Впрочем, об экзамене на лейтенантские погоны мы тоже ещё успеем поговорить…
Три месяца лагерных сборов пролетели быстро, как, впрочем, и всё, что случается в эту счастливую пору студенческой молодости. Уже позднее, когда начинается новая жизнь, совсем не такая радужная и весёлая, как была прежде, очень хочется что-то вернуть, снова погрузиться в беззаботное и счастливое времяпрепровождение, даже не пугают эти три не особо лёгких армейских месяца, но разве такое кому-то удавалось?
Однако не будем забегать вперёд, а расскажем финальную историю, приключившуюся с «антиармейскими» песнями.
По возвращению со сборов никто, естественно, сдержать Гришу и Яшку уже не мог. Больше занятий на военной кафедре не было, экзамен по «военке» ещё не скоро, а значит, можно спокойно заниматься подготовкой задуманного вечера «антиармейской» песни. Но афишировать это открыто было, ясное дело, пока невозможно, ибо уже на стадии подготовки можно было вполне спокойно нарваться не только на туповатых и прямолинейных майоров и полковников с военной кафедры, но и на кое-кого посерьёзней, не носящих армейских погон, но оттого не более миролюбивых. Потому было решено сделать некоторый обходной манёвр – организовать вечер, посвященный модной бардовской песне, только-только набиравшей обороты в студенческой среде. Тем более, ни партком института, ни комитет комсомола этой народной инициативе пока не препятствовали, ибо не чувствовали в ней прямой опасности.

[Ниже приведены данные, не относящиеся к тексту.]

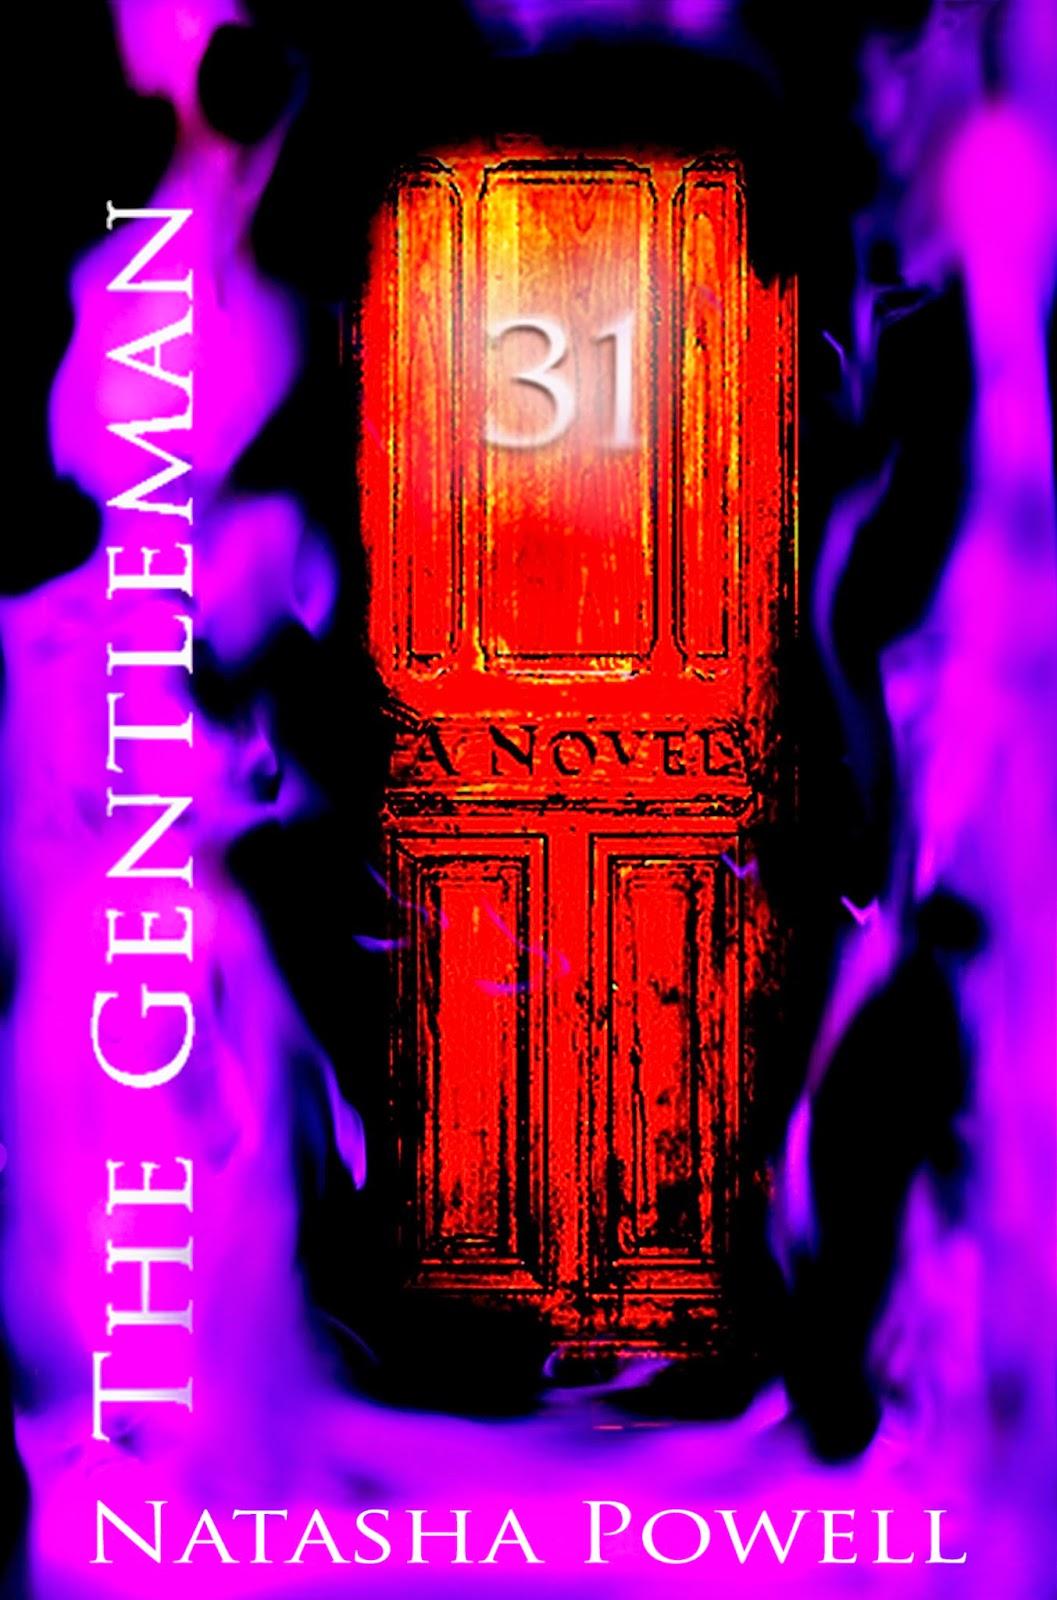 http://www.amazon.com/Gentleman-Natasha-Powell-ebook/dp/B00JQC0FDK/ref=sr_1_1?s=digital-text&ie=UTF8&qid=1398278844&sr=1-1&keywords=the+gentleman

Да и вообще на протяжении последних лет десяти никто из начальства особо не интересовался набирающей силу бардовской песней, считая её лёгким и не заслуживающим внимания развлечением под гитару в тёплой выпивающей компании. Тем не менее не обращать внимания на этот вид народного творчества становилось всё труднее и труднее. Теперь уже почти из каждого второго магнитофона разносился хриплый рёв Высоцкого, а следом за ним всплывали другие замечательные песенники, которых слушали куда внимательней, нежели набившие оскомину хиты советской эстрады. Окуджава, Визбор, а кое-где даже – свят-свят-свят! – жуткий запрещённый Галич…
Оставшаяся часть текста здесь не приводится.